The controversial move to scrap the role the ABA has played since 1953 comes at a time when the Senate is evenly balanced, so Democrats can easily thwart nominations. If 98-year-old Sen. Strom Thurmond, the South Carolina Republican, should leave before his term is up in 2003, the state’s Democratic governor probably would appoint a Democrat and tip the balance. Leahy then would take over from Republican Orrin Hatch of Utah as chair of the Judiciary Committee and lead the confirmation process.
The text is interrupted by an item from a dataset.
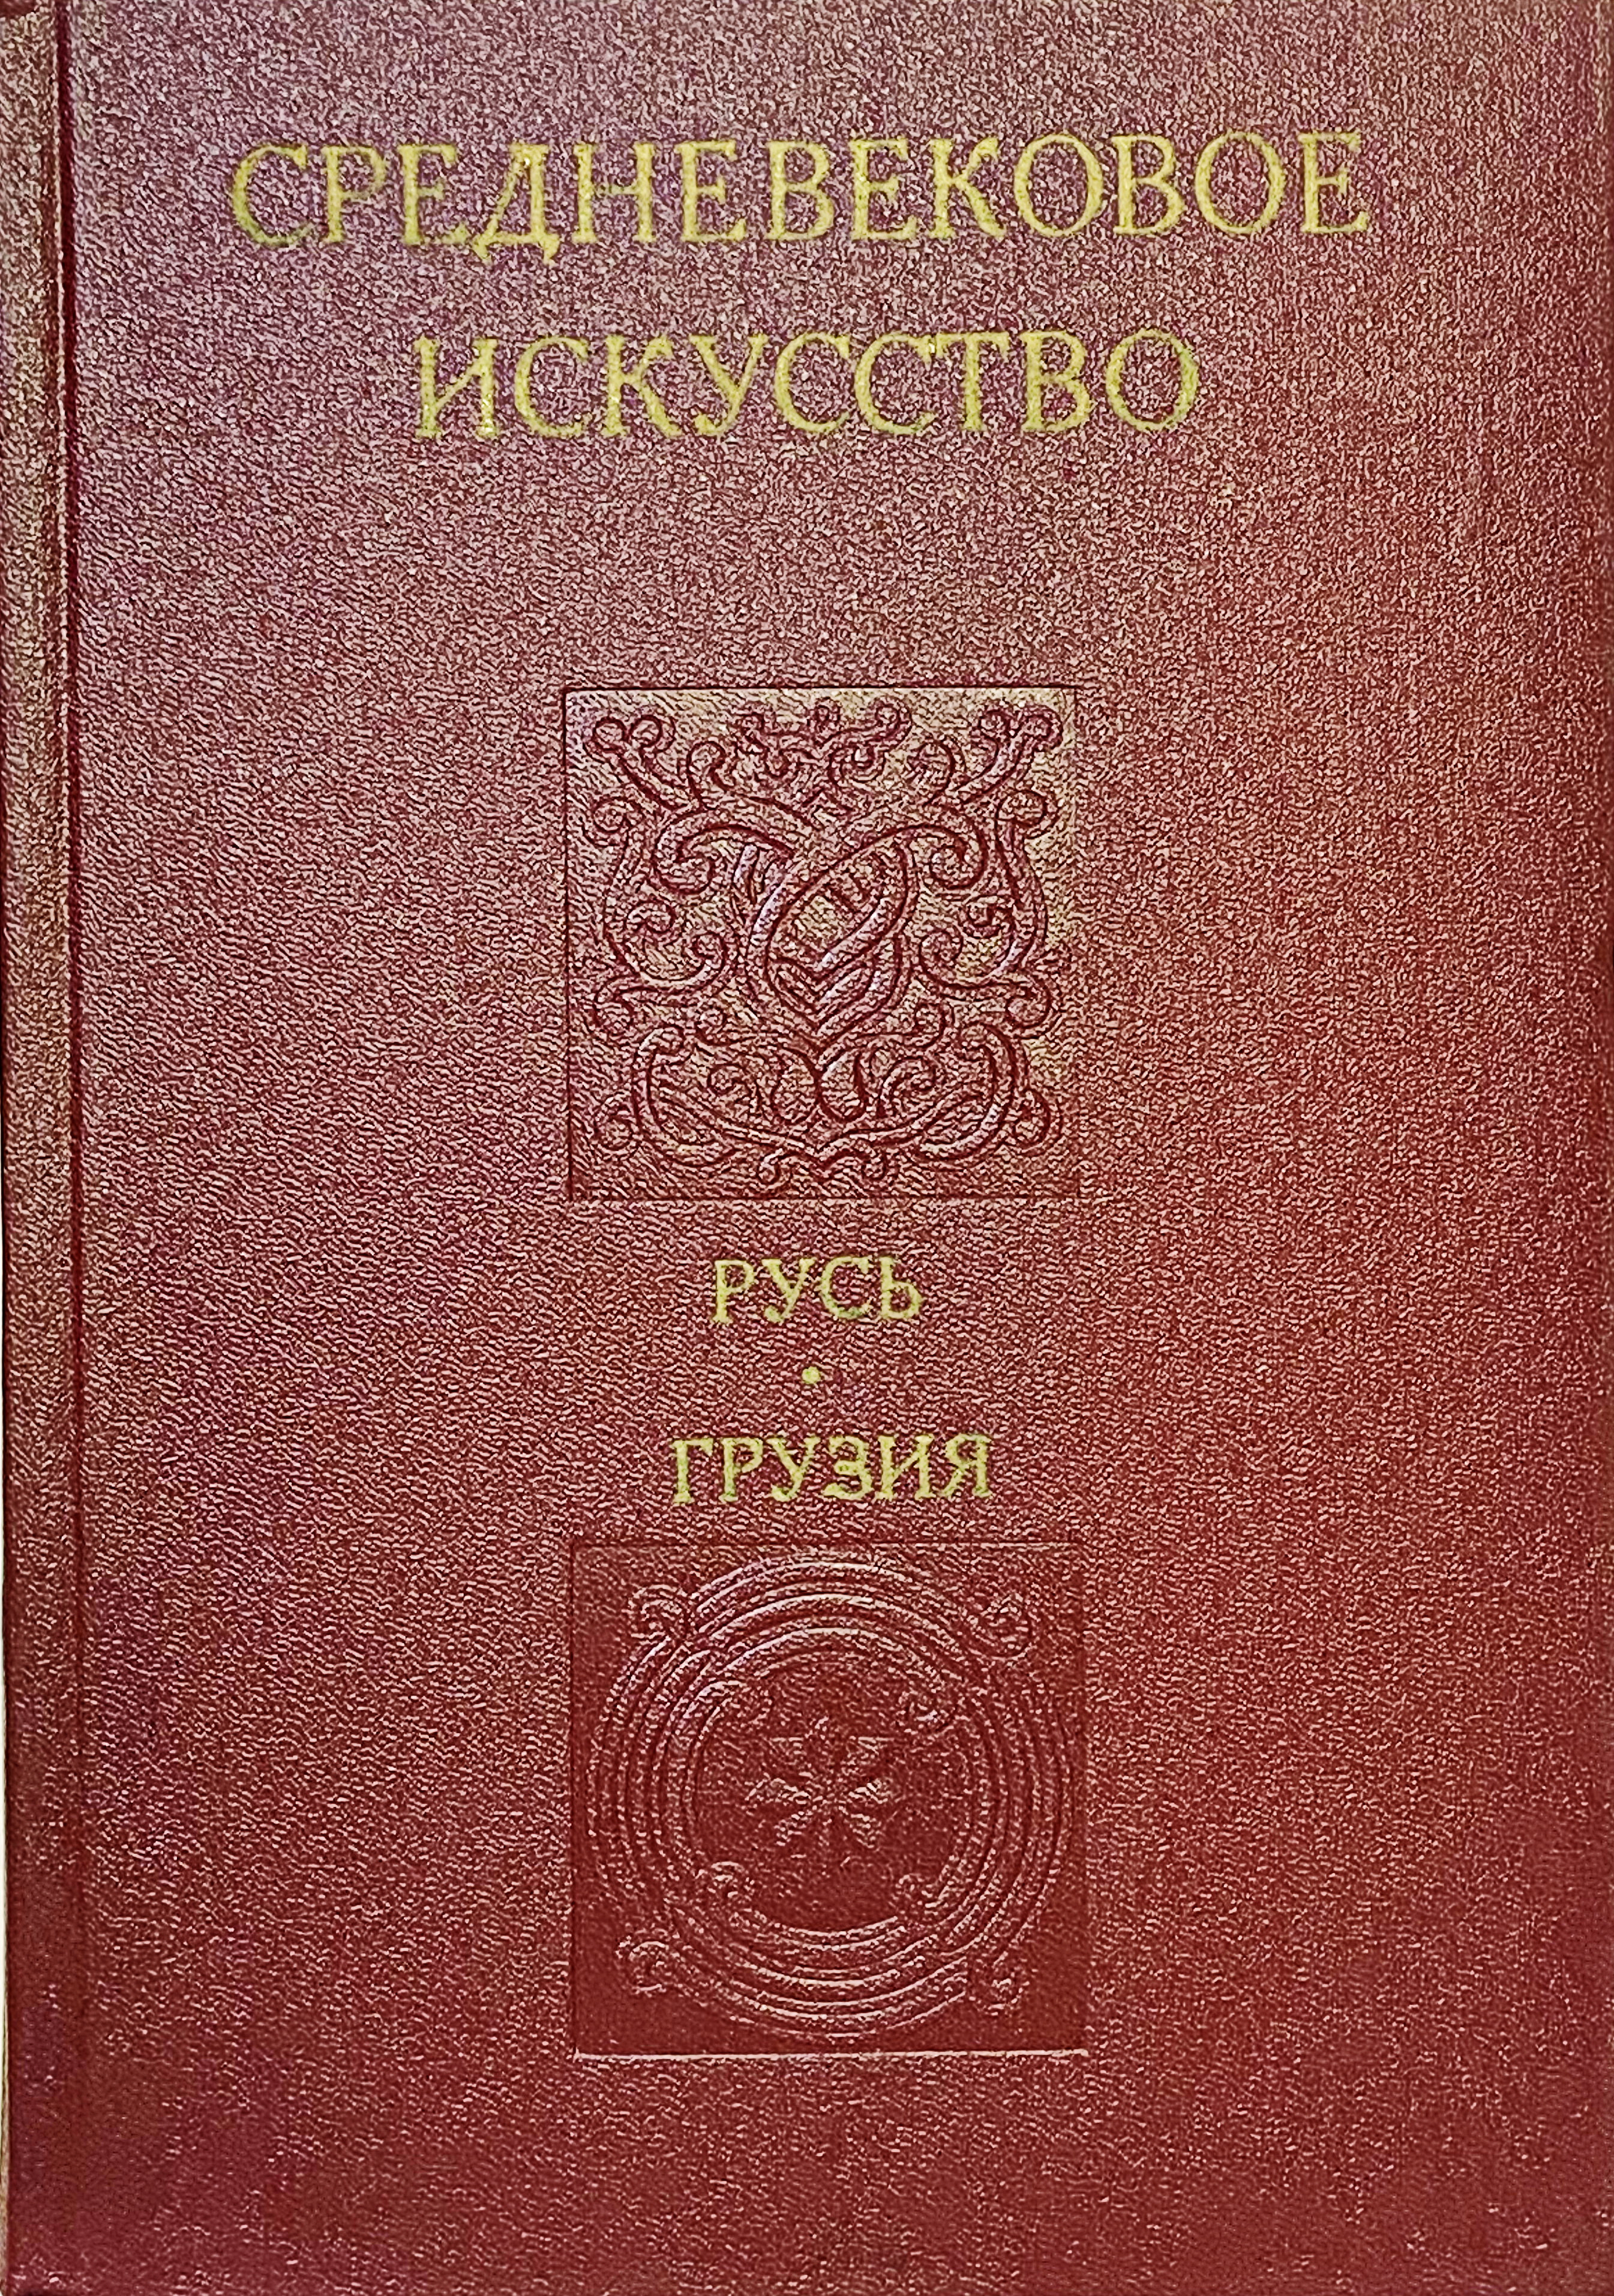 Средневековое искусство. Русь. Грузия - фото

Thus the ABA became yet another political football as the new administration flexed its muscles in several policy areas dear to conservatives. Less than two months into office, Bush also has pulled back from a commitment to reduce carbon dioxide emissions from power plants, repealed ergonomics regulations in the workplace and denied funding to groups that provide abortions and counseling abroad.

Perceived Slight

Many observers attribute the ouster of the ABA from its quasi-official role to the increasing attacks on the association by conservative political groups since the failed nomination of Robert Bork for the Supreme Court in 1987. Though the ABA committee found Bork “well-qualified,” the fact that four of its 15 members had voted “unqualified” continues to irk his supporters. The Senate rejected Bork’s nomination by a 58-42 vote.

Statistics overwhelmingly refute concerns that the ABA committee favors Democrats over Republicans. Available numbers show that, since 1960, of 26 potential nominees rated “unqualified” by the committee, only three were named by Republican presidents. Further, the ratings have not constituted a veto. Three of President Clinton’s nominees were found to be “unqualified” but still were confirmed.

“What President Bush has done with the ABA is mostly symbolic,” says Sheldon Goldman, a political scientist at the University of Massachusetts at Amherst and author of Picking Federal Judges: Lower Court Selection from Roosevelt Through Reagan (New Haven: Yale University Press, 1997). “He essentially gave some fresh meat to his more far-right supporters.”

Symbolic or not, it certainly was the dropping of another shoe. In 1997, Hatch removed the ABA from its formal role in the Senate’s judicial confirmation process, in which it had participated since 1947. The association has continued to provide its reviews and ratings directly to all members of the judiciary committee; previously the chair received the report and circulated it to the committee.

Energized by Hatch’s symbolic gesture, conservative groups, particularly the Federalist Society, whose members are numerous in key positions in the Justice Department and White House, have clamored even more for the ABA’s removal from the process altogether.

The White House counsel’s office acknowledged the possibility in a New York Times story shortly before a scheduled March 19 meeting with ABA leaders to go over the logistics of vetting. The agenda changed to more of a cross-examination of the ABA’s role.

Soon after, White House counsel Alberto Gonzales wrote a letter to Barnett informing her that the administration will not provide the names of nominees to the ABA prior to submitting nominations to the Senate or announcing them publicly.

“It would be particularly inappropriate, in our view, to grant a preferential, quasi-official role to a group such as the ABA that takes public positions on divisive political, legal and social issues that come before the courts,” Gonzales wrote.

In the flurry of news conferences and interviews during that week, Barnett lamented “what appears to be the triumph of politics over professionalism.”

“Trying to tie the committee to the House of Delegates’ so-called liberal policies is a red herring,” Barnett said in an interview. “The committee is isolated and insulated and quite diverse.”